The Python input() prompts the user to enter a value and returns user input as a string.

Using input() with text
user_input = input('<TEXT PROMPT FOR USER>: ')
print(user_input)
Using input() with numeric values
# Cast the string input to an integer
user_input = int(input('<TEXT PROMPT FOR USER>: '))
print(user_input)

type() - Checking the datatype of an object or variable

datatype = type(<OBJECT>)
print(datatype)

Constructing Reproducible Filepaths in Python

Paths are constructed differently on different operating systems:

  • Mac and Linux: /home/username/foldername/data
  • Windows: C:\\Users\\username\\foldername\\data

The main differences are identification of the home directory /home/username on Linux and Max and the number and direction of slashes on Windows \\.

Python's os module contains a number of functions for working with functionality that is operating system dependent. The os.path module enables the construction and manipulation of file paths.

Import os package
import os
Create a path
my_path = os.path.join("dir1", "dir2", ..., "filename")

This function takes an arbitrary number of directories and creates a path in the format required by the operating system of the system it is running on.

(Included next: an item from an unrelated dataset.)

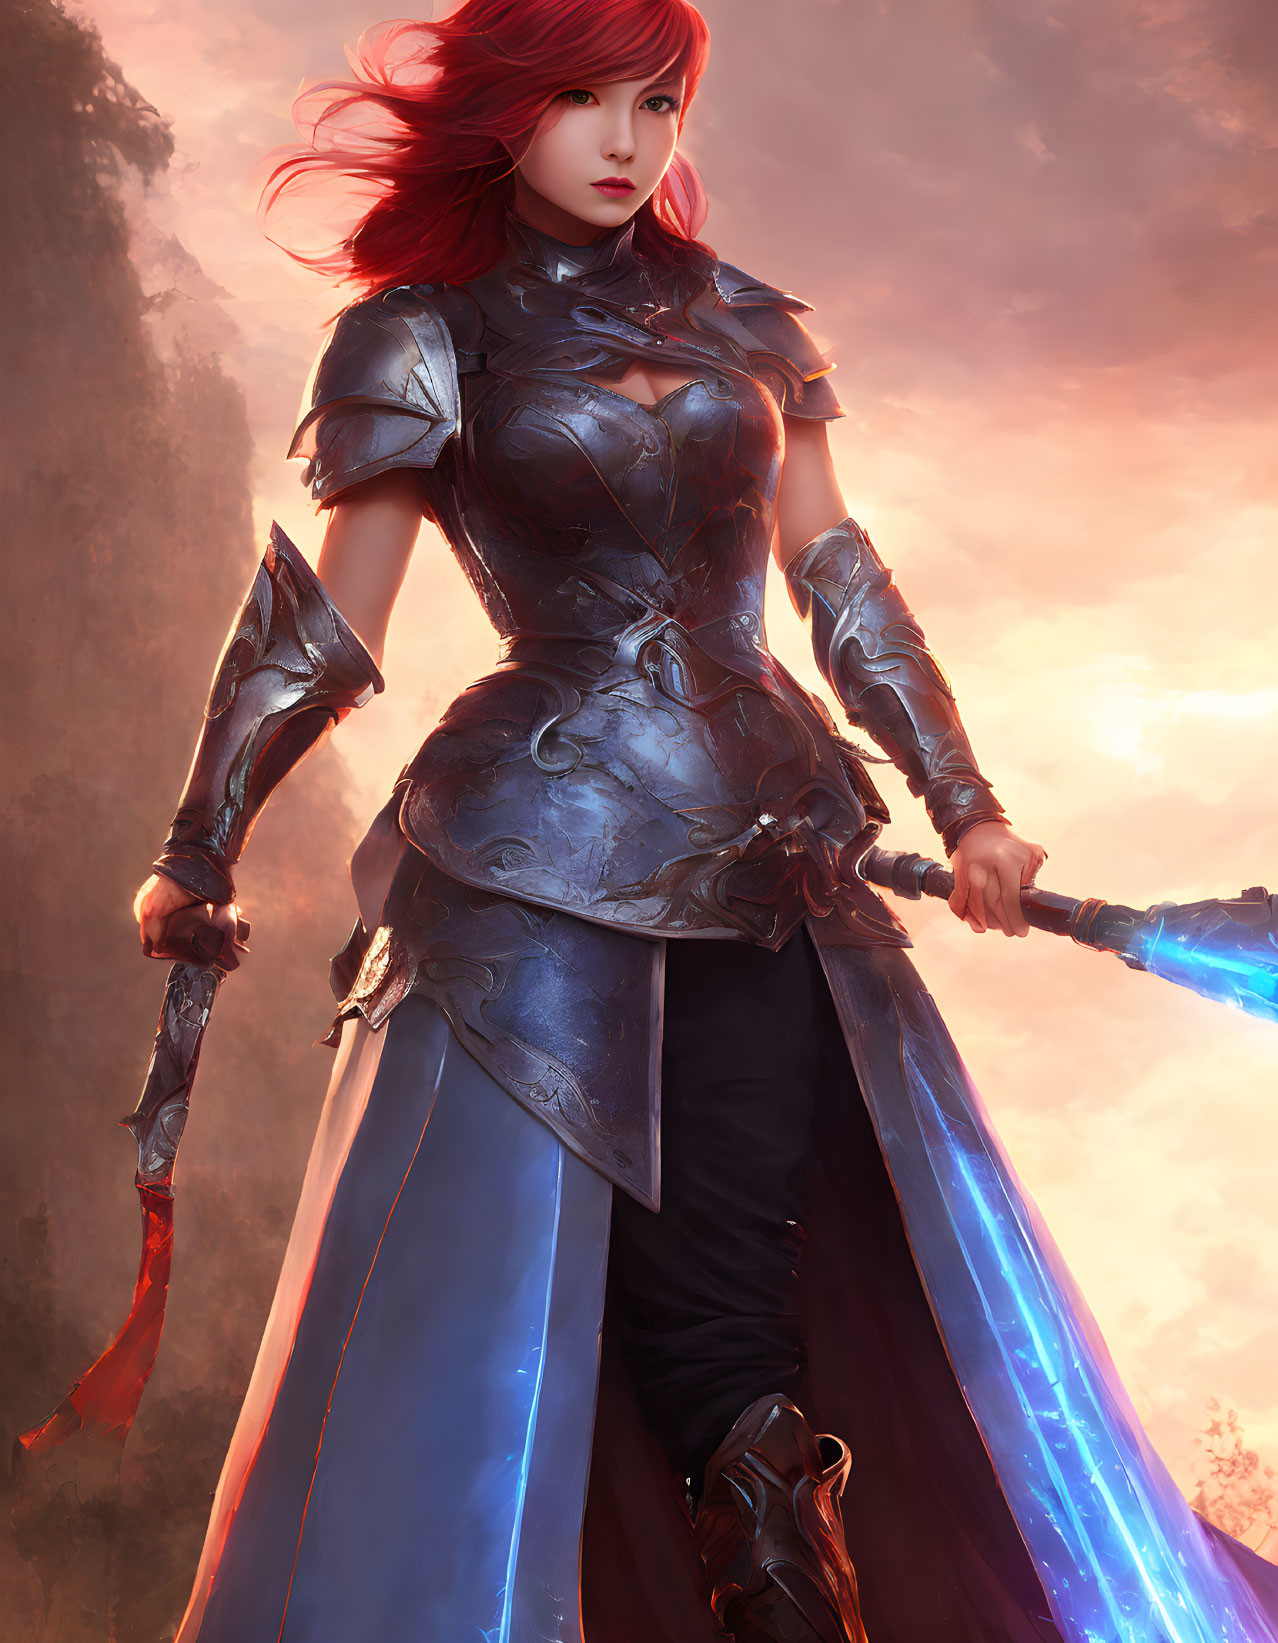 Fantasy warrior woman with red hair in metallic armor wields glowing blue sword in misty, red

NOTE: Relative paths will only return True if a working directory has been set correctly.

Check that the path exists
os.path.exists(my_path)

Function returns True or False.

Get working directory
os.getcwd()

Function returns a path.

Set working directory
chdir("path-to-dir")

Function, short for 'CHange DIRectory', allows you to set a specific path as the current working directory.

Create a directory if it does't already exist
os.mkdir(my_path)

This function will only work across operating systems, if you construct the path with os.path.join().

NOTE: The code above will fail if the directory my_path already exists. A conditional stamenet will be required to handle the exception.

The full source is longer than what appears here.